The decision ends a four-month quest to get regulatory approval and a broader attempt to keep Yahoo out of the hands of Google rival Microsoft. The software giant led the charge against the Web advertising deal, stirring up opposition among advertisers and raising worries within the Bush administration and Congress about the potential impact of a partnership between the top two search engines.


With the deal already delayed and then revised in hopes of overcoming strong concerns from the Justice Department, Google announced in a blog post this morning it was pulling the plug because those steps were not enough to ...
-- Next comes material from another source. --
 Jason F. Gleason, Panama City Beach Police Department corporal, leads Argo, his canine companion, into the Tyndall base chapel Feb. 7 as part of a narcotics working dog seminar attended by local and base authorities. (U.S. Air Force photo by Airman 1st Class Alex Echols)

... secure regulatory approval. David Drummond, Google’s chief legal officer and senior vice president for corporate development, said:

We feel that the agreement would have been good for publishers, advertisers, and users -- as well, of course, for Yahoo and Google. However, after four months of review, including discussions of various possible changes to the agreement, it’s clear that government regulators and some advertisers continue to have concerns about the agreement. Pressing ahead risked not only a protracted legal battle but also damage to relationships with valued partners. That wouldn’t have been in the long term interests of Google or our users, so we have decided to end the agreement.
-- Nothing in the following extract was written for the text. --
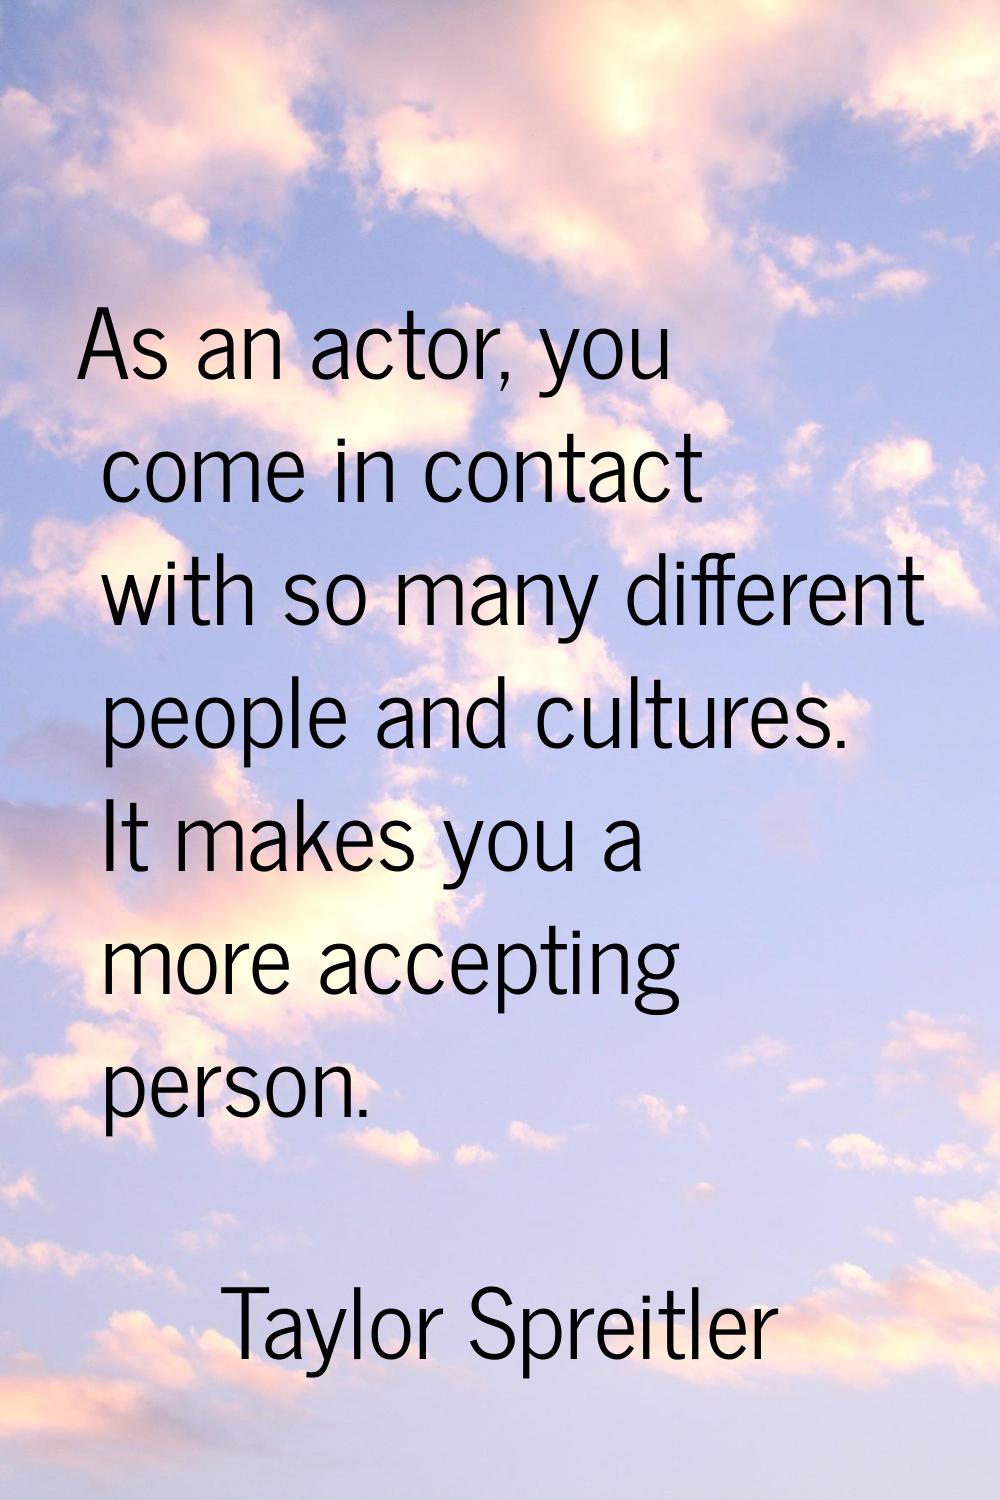 As an actor, you come in contact with so many different people and cultures. It makes you a more ac

Yahoo said Google had notified it of the decision to end the proposed agreement, through which Google would have brokered some text ads for Yahoo’s search engine, ‘following indication from the Department of Justice that it would seek to block it, despite Yahoo’s proposed revisions to address the DOJ’s concerns.’

Yahoo downplayed the impact of Google’s decision on its future. But Wall Street clearly thinks Microsoft may come back into the picture and revive its bid for part or all of Yahoo. Despite the collapse of a deal that Yahoo said would boost its annual revenue by hundreds of millions of dollars, its stock was trading up more than 4%, around $13.90, in early trading after the announcement. The Sunnyvale, Calif., company said in a statement:

While the implementation of the services agreement with Google would have enabled Yahoo to accelerate its investments in its top business priorities through an infusion of additional operating cash flow, this deal was incremental to Yahoo’s product roadmap and does not change Yahoo’s commitment to innovation and growth in search. The fundamental building blocks of a stronger Yahoo in both sponsored and algorithmic search were put in place independent of the agreement.


The Justice Department said it had significant concerns about the deal.

‘The companies’ decision to abandon their agreement eliminates the competitive concerns identified during our investigation and eliminates the need to file an enforcement action,’ Thomas O. Barnett, who oversees the department’s antitrust division, said this morning. ‘The arrangement likely would have denied consumers the benefits of competition–lower prices, better service and greater innovation.’